Wird, weshalb auch immer, bekannt, dass man im Laufe seines Lebens irgendwann einmal gekifft hat, geht der Kampf um den nicht selten existentiellen Führerschein los, ohne dass es Anhaltspunkte für mangelndes Trennungsvermögen zwischen Konsum und Teilnahme am Straßenverkehr gäbe. Einmal im Raster wird jede Verkehrskontrolle zur Drogenkontrolle.
Im Rahmen der „Aktion Sativa“ wurden 2007 auch Haushalte durchsucht, deren Inhaber acht Jahre zuvor lediglich ein paar Blumentöpfe oder einen Ventilator im Online-Growshop bestellt hatten.
Über die Hälfte der Einsätze des „Bayerntrojaners“ wurde mit dem BtMG begründet, wobei es nicht immer um „große Fische“ ging, sondern mindestens in einem Fall auch um einen „Verstoß“ ohne Handel.
Ende Januar verabschiedete der Bundestag mit den Stimmen von CDU/CSU und FPD ein Gesetz, das den Einsatz von unbemannten Drohnen ermöglicht. Diese sollen nach Angaben der Linken auch zum Aufspüren von Cannabispflanzen eingesetzt werden.

Gesetze frei interpretiert

Selbst wenn der Gesetzgeber gar nicht vorhatte, dass die seit dem 11. September 2001 beschlossenen Maßnahmen auch gegen Konsumenten von Cannabis eingesetzt werden, ist es längst so weit gekommen, wobei die gegenwärtigen Maßnahmen nur der Anfang sind. Gesichtserkennung, Satellitensuche und künstliche DNA Kennzeichnung sind die nächsten Hommagen an George Orwells 1984, die für Mörder, Terroristen und Menschenhändler entwickelt wurden, durchaus aber auch Hanfkonsument/inn/en treffen. Denn den Ermittlungsbehörden ist es schlichtweg egal, gegen wen sie ermitteln, solange es die gesetzliche Grundlage BtMG in seiner jetzigen Form gibt.
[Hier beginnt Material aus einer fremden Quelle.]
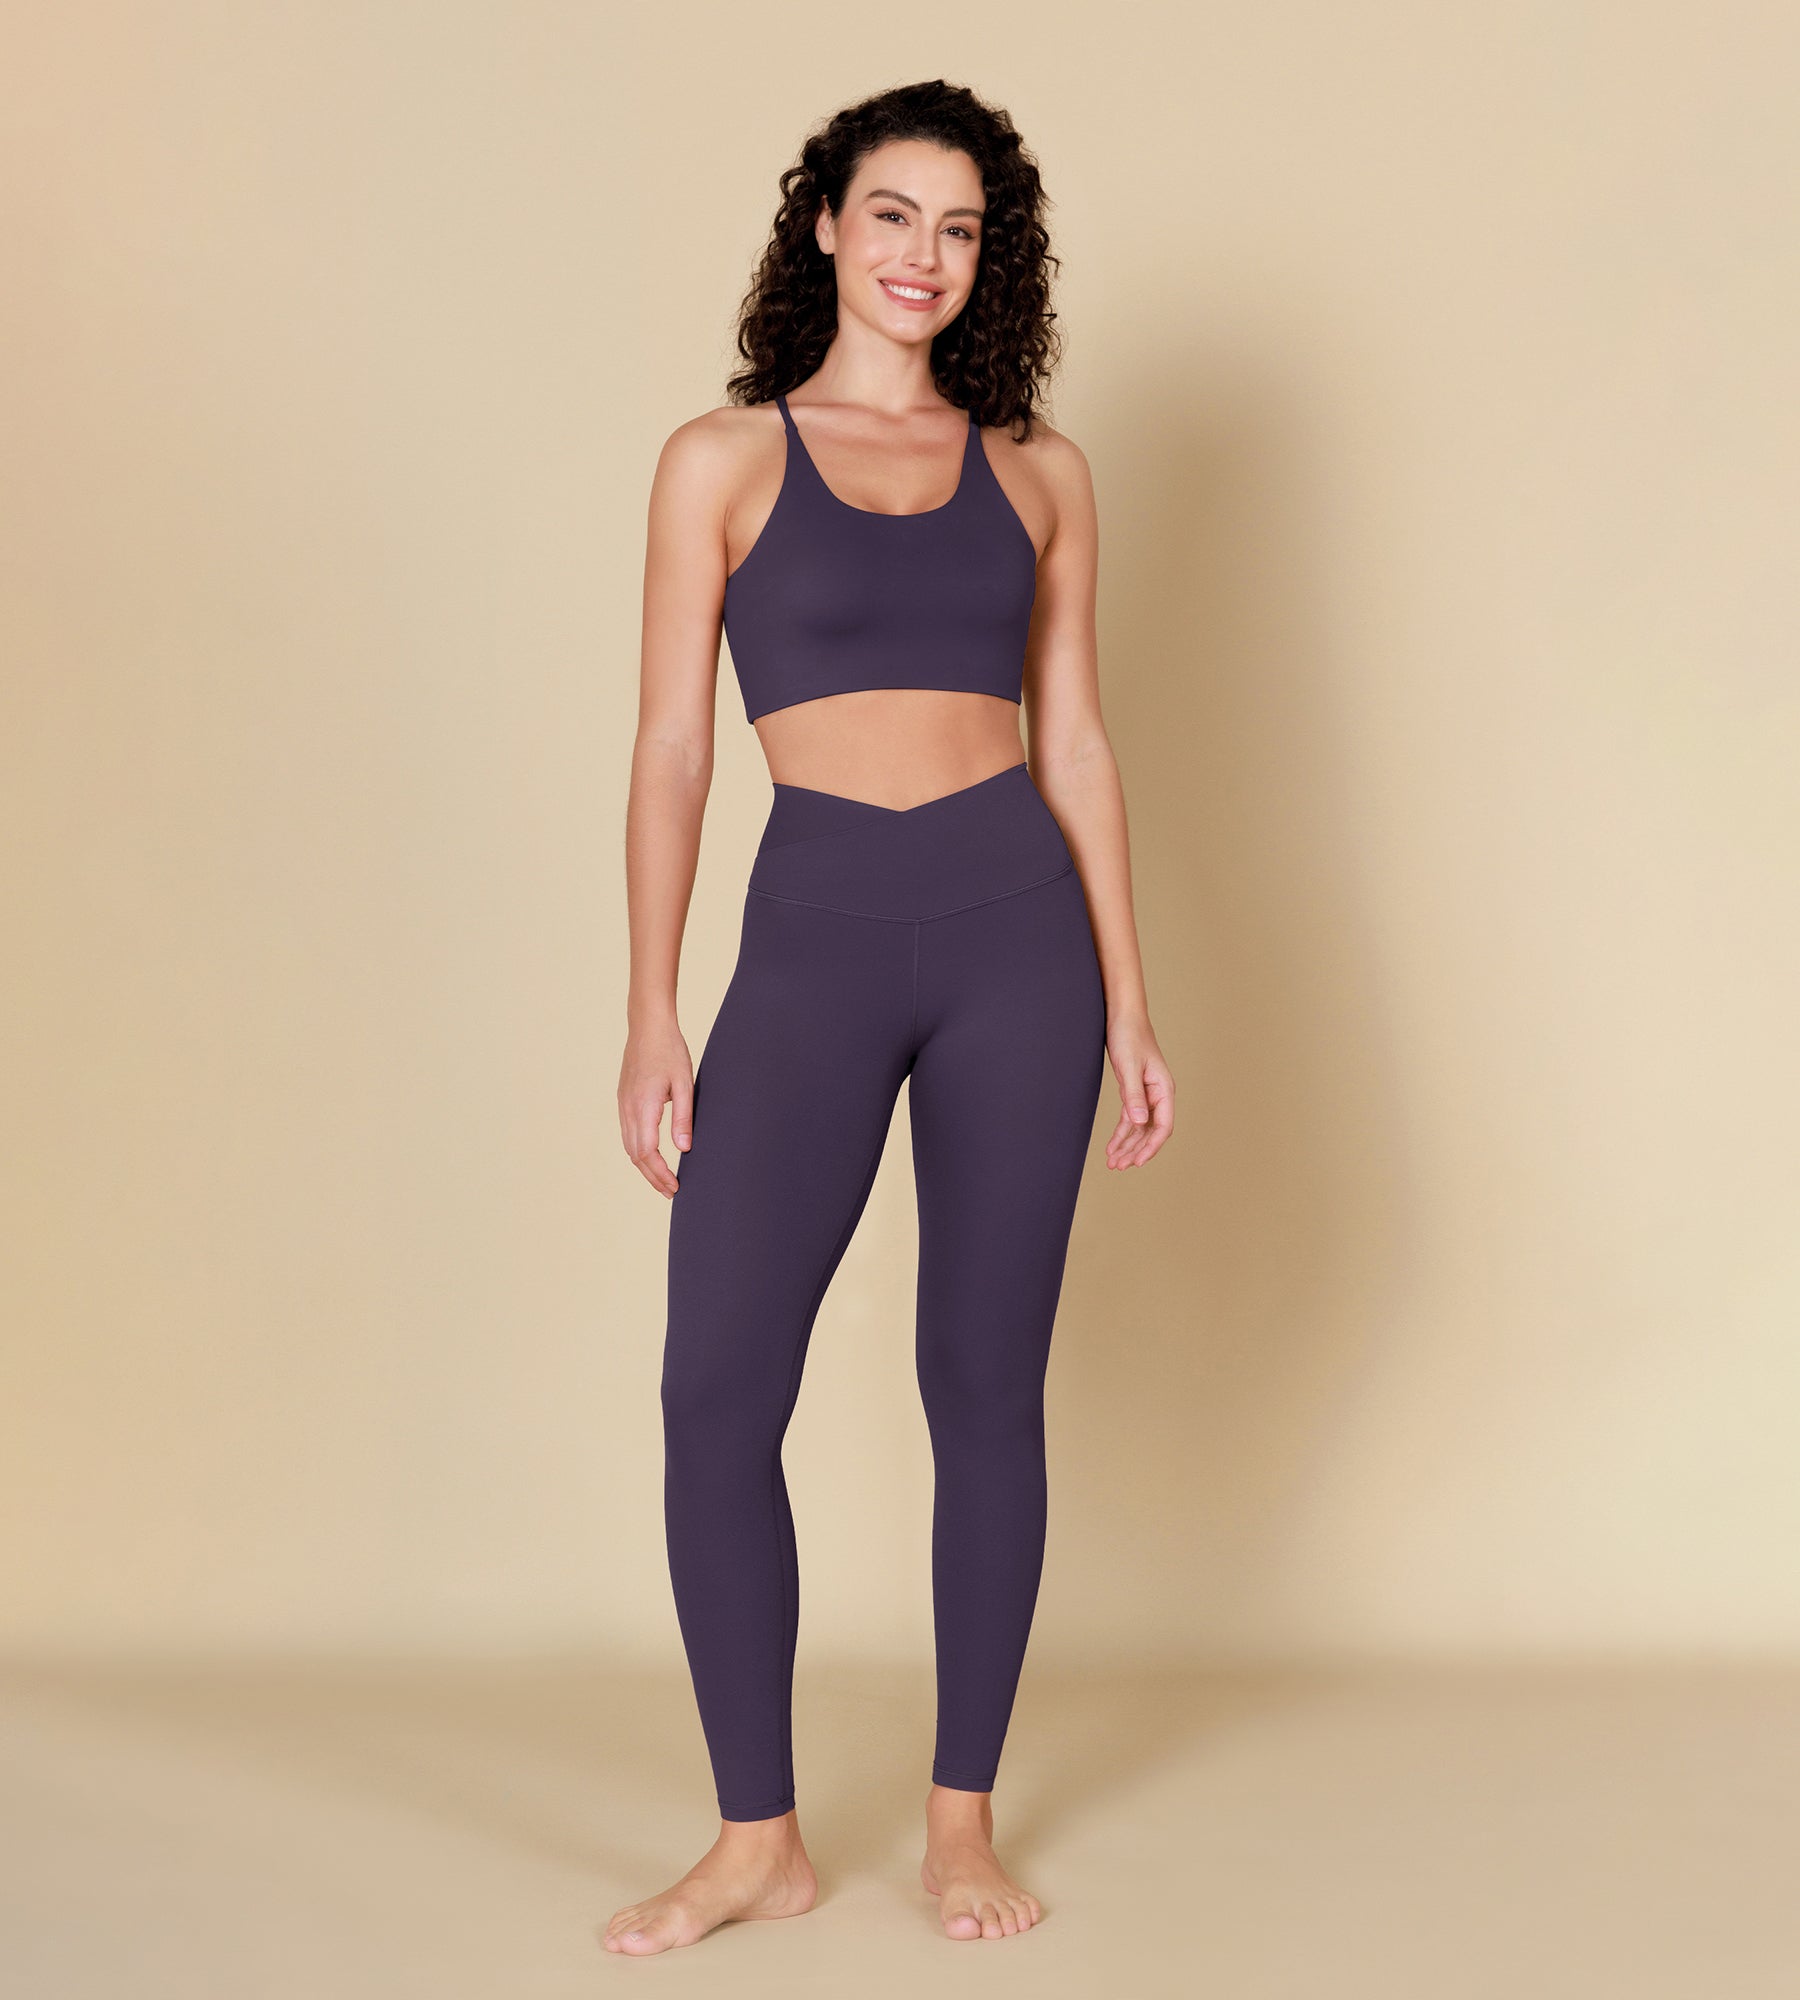 ODCLOUD Crossover 28" Leggings with Back Pocket - Classic Colors Dark Purple - ododos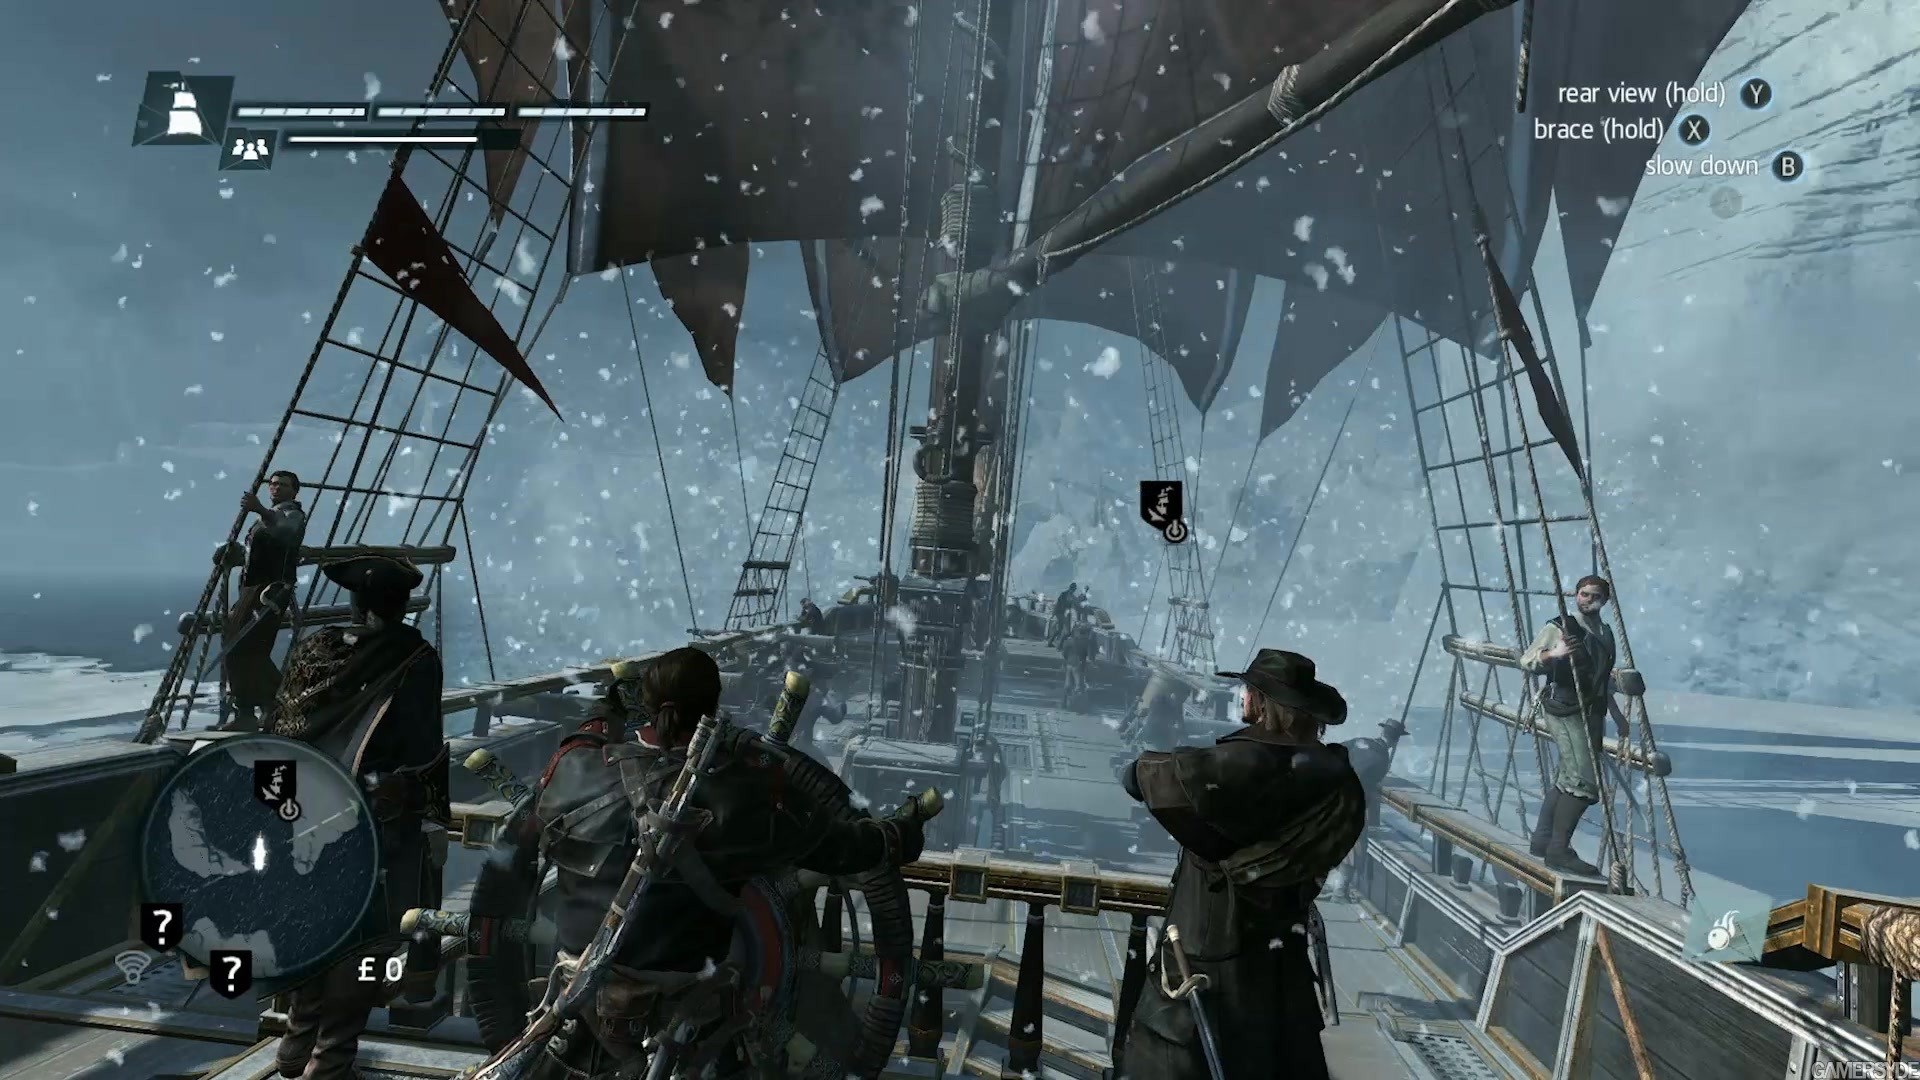 Assassin'S Creed Rogue Wallpapers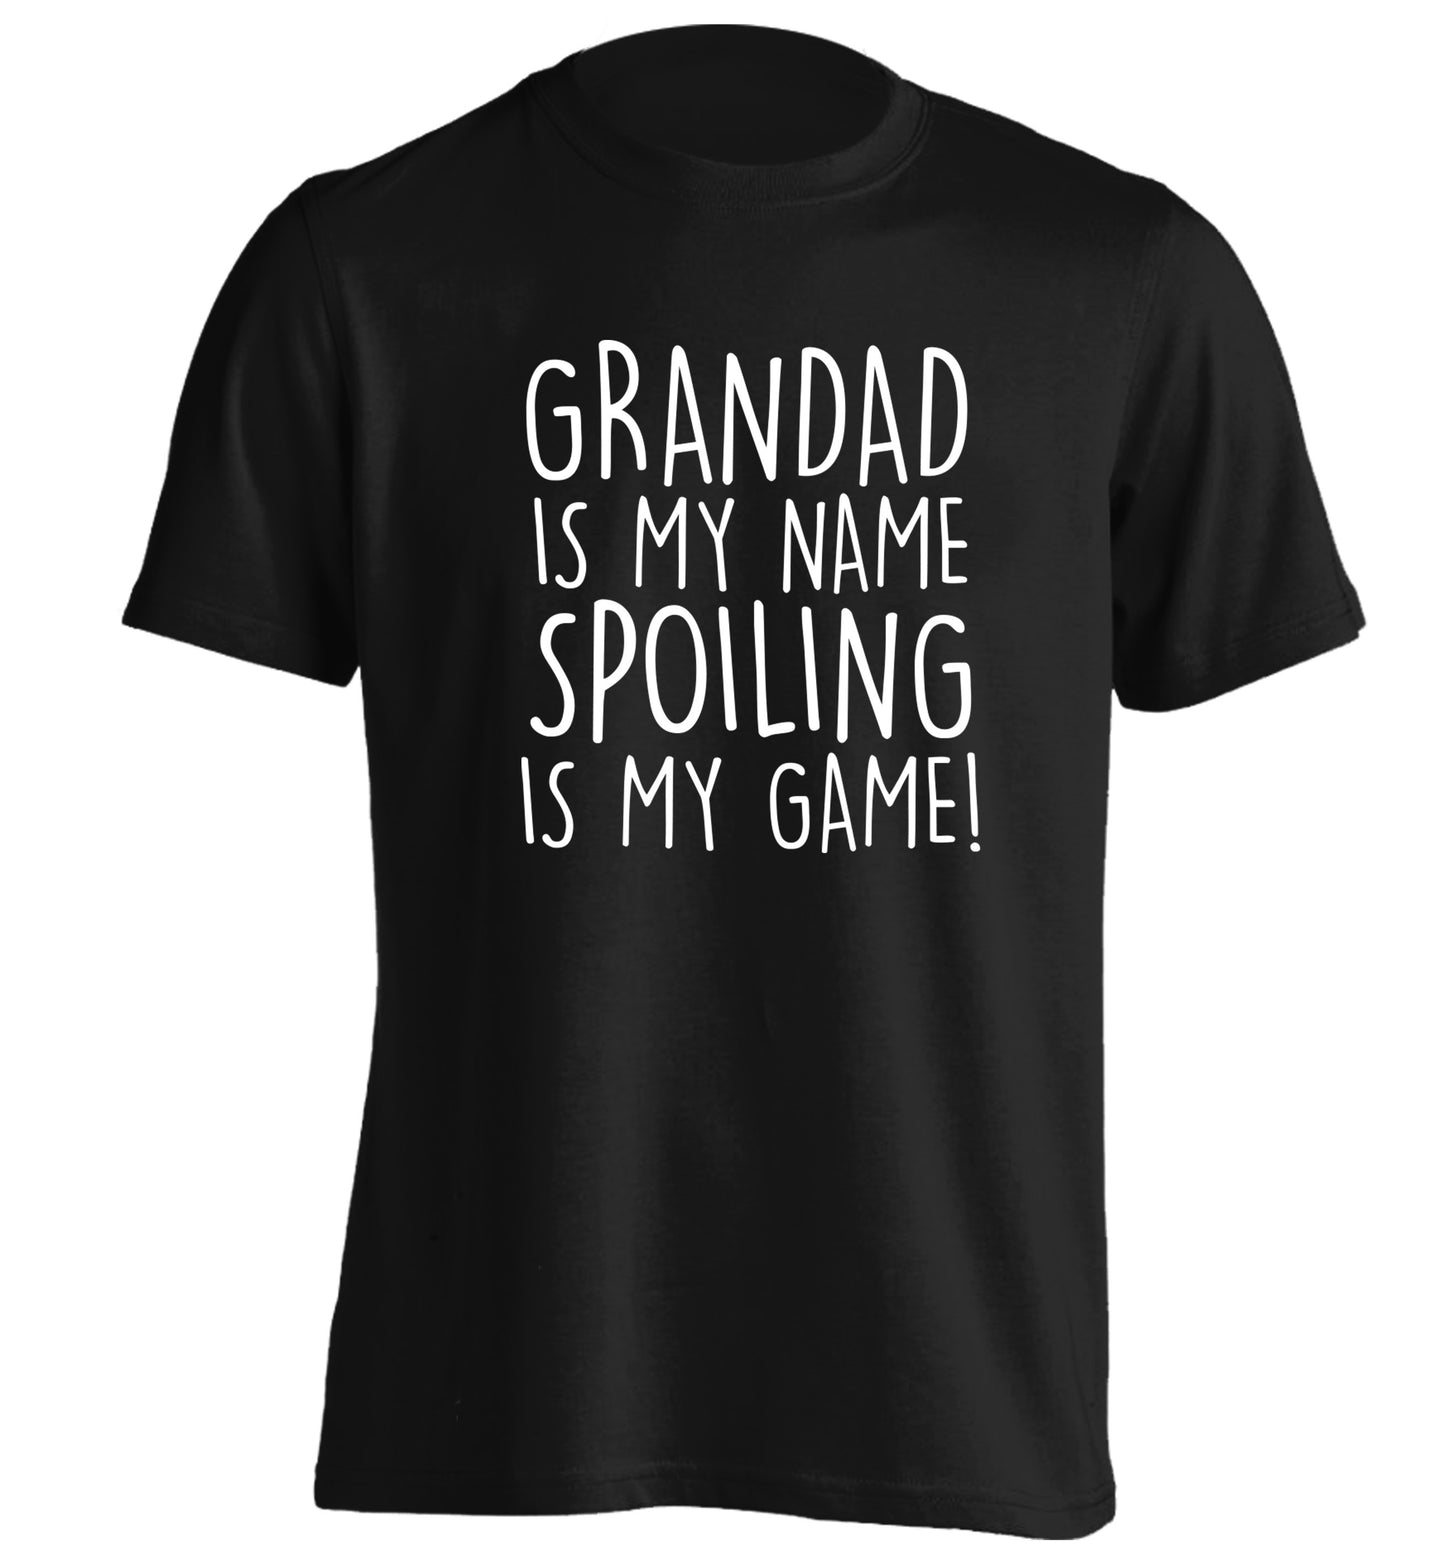 Grandad is my name, spoiling is my game adults unisex black Tshirt 2XL

Da viele Hanfliebhaber/innen aufgrund der Streckmittelproblematik ihr Gras jedoch selber anbauen und die Staatsanwälte und Polizisten selbst bei einer Pflanze juristisch mit einer „nicht geringen Menge“ konfrontiert sind, werden die oben erwähnten, drakonischen Maßnahmen selbst bei Kleinstbauern angewendet.
In einigen Bundesländern, in denen die Geringe Menge nicht oder schwammig definiert ist, reicht sogar eine Party-Ration Gras, um des Handels verdächtigt und so erkennungsdienstlich behandelt zu werden, immer häufiger sogar inklusive DNA-Test, wie zahlreiche, von unserer Redaktion dokumentierte Einzelfälle beweisen.
Selbst wenn sich die digitale Überwachung nicht gegen Konsumenten, sondern gegen Verkäufer oder Transporteure richtet, drängt sich die Frage der Verhältnismäßigkeit auf: 2010 gab es 1.237 Drogentote, dem standen 74.000 Alkoholtote gegenüber, der Deutschen Hauptstelle für Suchtfragen zufolge ist von jährlich zirka 110.000 bis 140.000 Tabak bedingten Todesfällen auszugehen, legaler Medikamentenmissbrauch bringt jährlich 20.000 Mitbürger/innen auf Kassenkosten um die Ecke. Jede/r Drogentote ist einer zuviel, aber rechtfertigen diese Zahlen wirklich die Stigmatisierung und Kriminalisierung von Millionen Konsumenten und ihren Versorgern?
Verglichen mit den Opfern legaler Drogen erscheint die Zahl der Opfer illegalisierter Drogen geradezu lächerlich, bedenkt man, dass der Staat zudem noch eine Gewinnbeteiligung am Verkauf der staatlich lizenzierten Gifte erhält.
Langsam stellt sich die Frage, ob CDU, SPD und FDP die öffentliche, rationale Diskussion über eine grundlegende Änderung der Drogenpolitik scheuen wie der Teufel das Weihwasser, weil sich der historische Irrtum BtMG im Zeitalter des www. plötzlich als nützliches Überwachungsinstrument eignet.
Denn ein Krümelchen des Anstoßes findet sich in nahezu allen Lebensläufen, wenn man lange genug suchen darf.